3. Line 527-530. "OSNs show a 13.4% decrease in the number of ….from 2-8 Hz sniff frequency (Figure 5A, one-way ANOVA)". Figure 5A does not show this decrease of 13.4%. If this were shown in Figure 5B, the difference in the purple bars between 2 and 8 Hz is more like >40%. For the M/T cells, a 25.2% increase is stated in the main text, but the green bar's increase from 2 to 8 Hz is more like 30%.

We appreciate the reviewer noting that we had incorrectly referenced Figure 5A, when indeed, we intended to reference Figure 5B (we have made this correction in the manuscript). However, the change values previously reported are accurate. We have now included the raw values as well on lines 557-561.

4. Line 530-532. When describing 2-heptanone results, please cite Figure 6A, B. Again double check the values of 22.4% and 25.1% increase from 2 to 8 Hz sniff frequency for OSNs and M/T cells. From Figure 6B, for OSNs (purple), there seems a slight decrease from 2 to 8 Hz.

We have now referenced figures 6A and B in this section. We have confirmed that the reported values for the change in intermittency-encoding glomeruli from 2 to 8 Hz for both OSNs and M/T cells were accurate. As we did in the above case, we have now reported the raw values as well on line 564.

[Editors’ note: what follows is the authors’ response to the second round of review.]

The manuscript has been improved but there are some remaining issues that need to be addressed, as outlined below:

Reviewer #2:

I had a chance to look carefully into behavioral part of the paper, and I found the following problems:

1) The authors are trying to make a case that the animal is attending to the intermittence variable. It is a challenging problem, and I do not think that the authors succeeded.

The Figure 2B, shows different performances for high and low gain stimuli. The shift between two curves may be explained by an alternative animal strategy. Let's assume that an animal is doing a concentration discrimination task. It estimates an integral of concentration and respond as 'go', if its value is above some threshold. I can imagine that the behavioral results for such a task for stimuli with high and low gain presented in coordinates of intermittency would look like as shown at Figure 2B. For the low gain, an animal reach maximum perforce at a higher level of intermittency, exactly as shown on the figure.

I would actually strongly suggest that authors would plot their results as a function, of integral of concentration.

The reviewer is making a valid point – can the discrimination be explained by another

(unintended) correlated variable. We anticipated this issue, as with increased intermittency, i. e. higher duty cycle, mice are exposed to the same concentration for a larger fraction of time. This could, and likely does to some degree, increase the absorbed amount of odor and hence increase perceived odor intensity.
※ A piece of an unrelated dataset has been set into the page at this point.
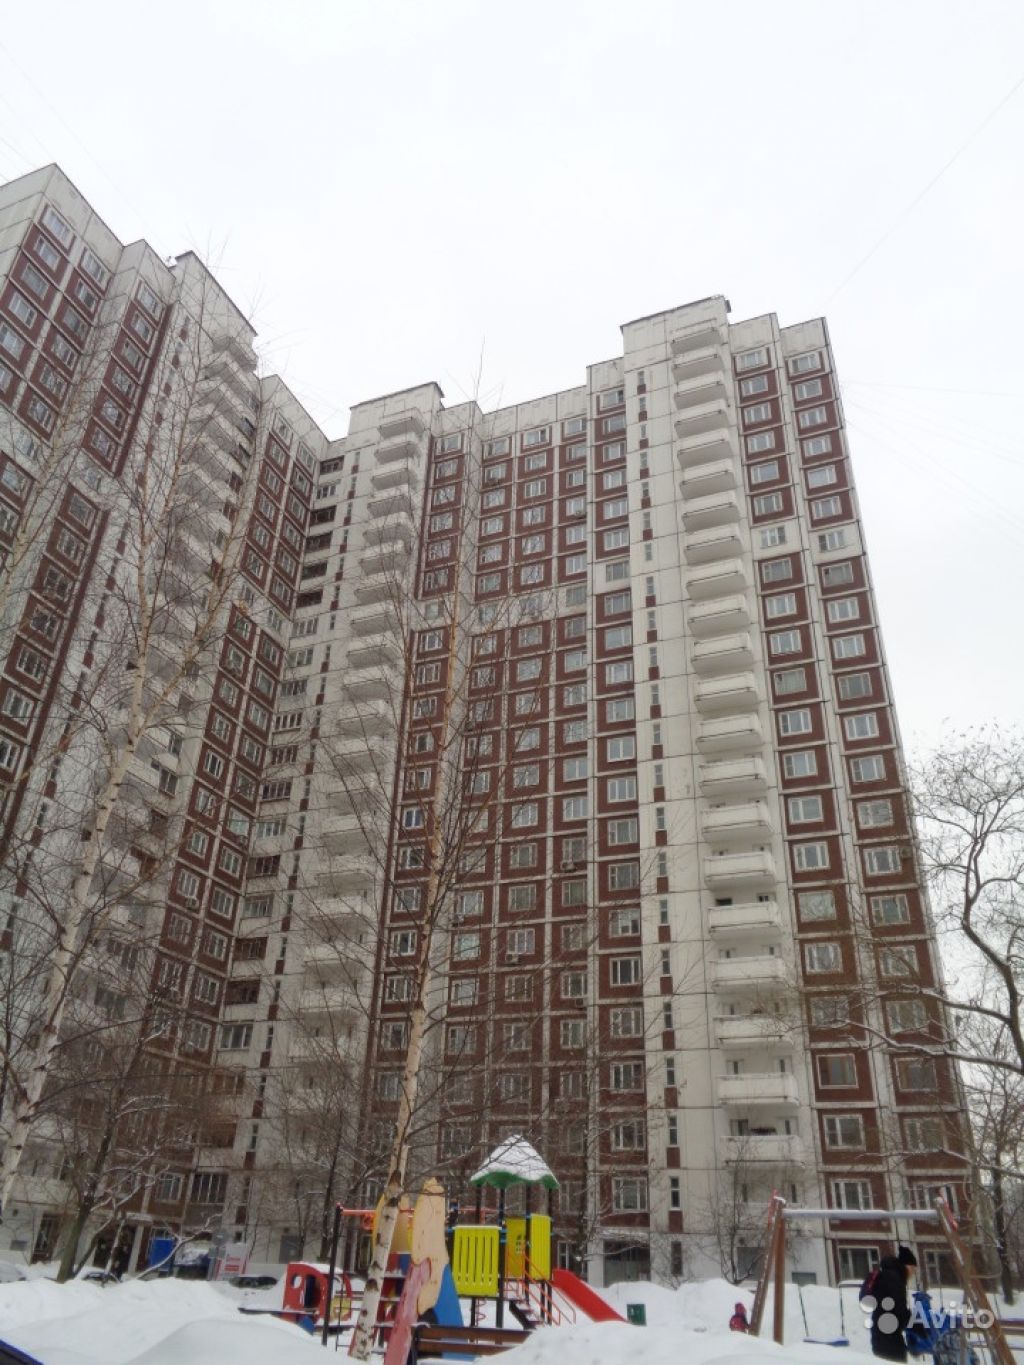 Продам квартиру 2-к квартира 61 м² на 14 этаже 22-этажного панельного дома в Москве. Фото 1
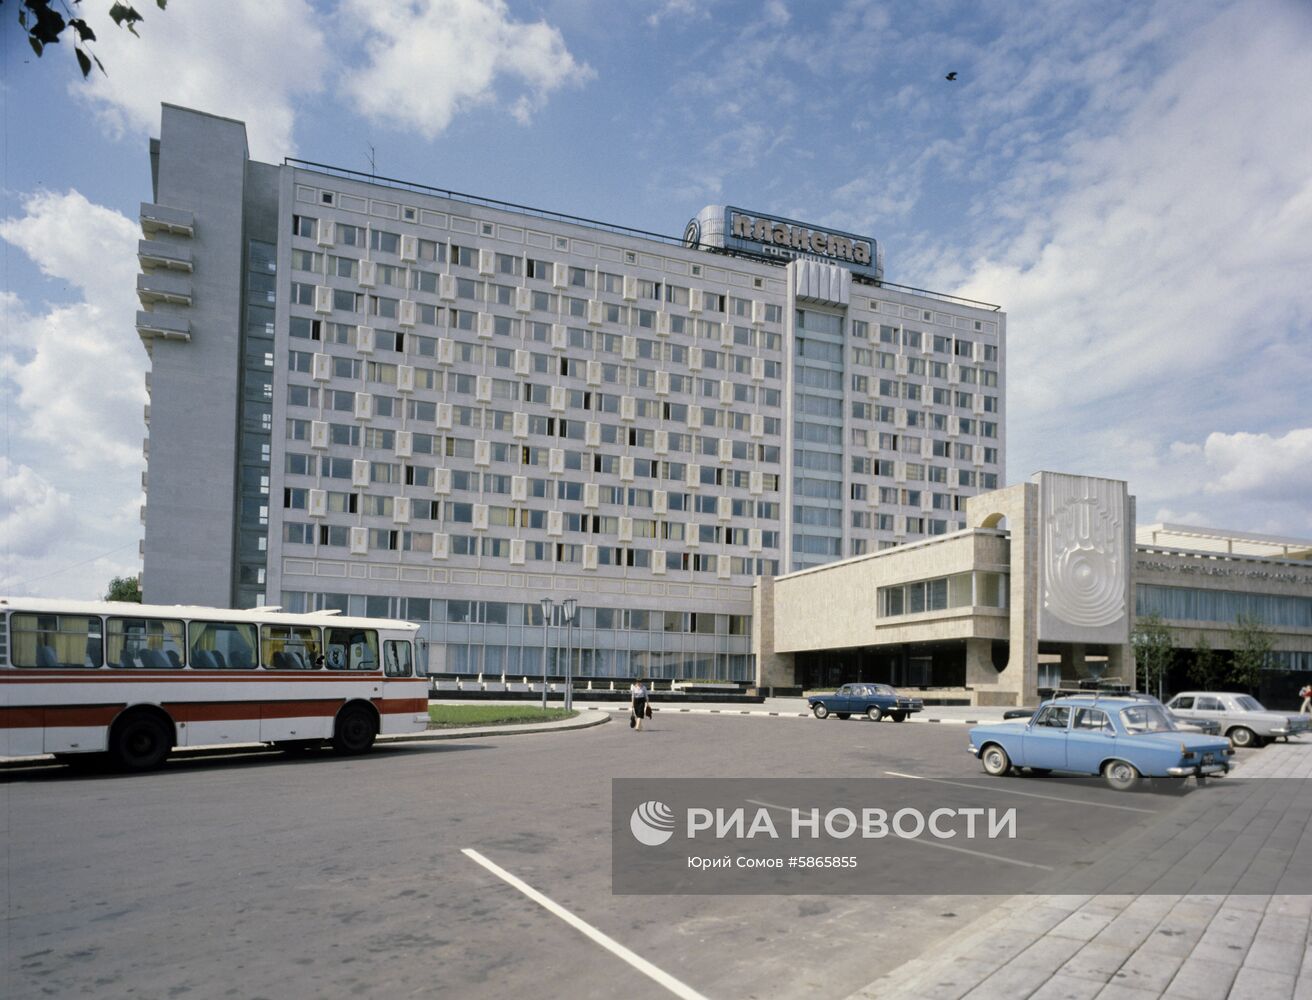 Гостиница "Планета" в Минске

This forms the basis for the reviewer’s "integral of concentration", which stands as an alternative to time-cue related mechanisms (odor onset and offset times, duration of inhalations when no odor is present, etc) solely reflecting when the stimulus is suprathreshold with no concern for intensity.

Indeed, to explore to what extent mice relied on such integration we designed the task with 2 levels of odor concentration (L 183-186; Figure 1F, Figure 2B): the lower concentration (gain 0.5) being roughly half of the higher (gain 1; Figure S 1D). " To test the degree to which odor concentration integration may inform decisions on the intermittency discrimination task, mice were tested on interleaved trials using a two gain values, where in trials with a gain of 0.5, the maximum stimulus concentration was halved (Figure 1F, Figure 1—figure supplement 1D)."

We reasoned that if mice are solely relying on intensity-integration, then halving the odor concentration (gain 0.5) would be fully equivalent to halving the intermittency at gain 1, as the amount of total absorbed odorant during a trial would be identical in both cases. Hence the expected psychometric curves would be right-shifted so that performance at gain 1 I=0.2 is moved to I=0.4, 0.3 to 0.6, 0.4 to 0.8. These straightforward hypothetical concentration integration curves are the black lines shown on Figure S 2B.

Our results (L 239-242) show that these two cases are not equivalent behaviorally: "Although there was an effect of gain on behavioral performance, animal performance at 0.5 gain was significantly better than a psychometric curve prediction of animal performance solely based on odor concentration integration". Figure 2B shows qualitatively that the psychometric curves at gain 0.5 are not simply 2x right-shifted versions of gain=1. The caption further states " At gain 1, mice perform significantly above chance at intermittency values of 0.3 and above (one-tailed ttest, Bonferroni correction, p<0.0001, n=48 sessions) for all stimulus types. At gain 0.5, mice perform above chance at intermittency values 0.4 and above, naturalistic and square-wave, 0.5 and above, binary naturalistic (one-tailed t-test, Bonferroni correction, p<0.0001, n=48 sessions)." Thus, statistically the intermittency discrimination thresholds shift much less (0.4, 0.4 and 0.5) than the expected doubling of 0.3 (i.e., 0.6). This further demonstrates that concentration-integration can explain only some the behavior.

Based on the reviewers comments we have now further clarified in the text how the psychometric curves at both gains have provided evidence that concentration integration plays some, but only some, role in discrimination dynamic odor stimuli with varying physical intermittencies. We added LL232-239: " If mice are solely relying on intensity-integration, then halving the odor concentration (gain=0.5) would be fully equivalent to halving the intermittency at gain=1, as the amount of total absorbed odorant during a trial would be identical in both cases. Figure 2B demonstrates that psychometric curves for gain=0.5 are not right-shifted versions of gain=1 by the expected equivalent doubling of intermittency. Indeed, the intermittency discrimination thresholds shifted much less (0.4, 0.4 and 0.5) than the expected doubling of 0.3 (i.e., 0.6)."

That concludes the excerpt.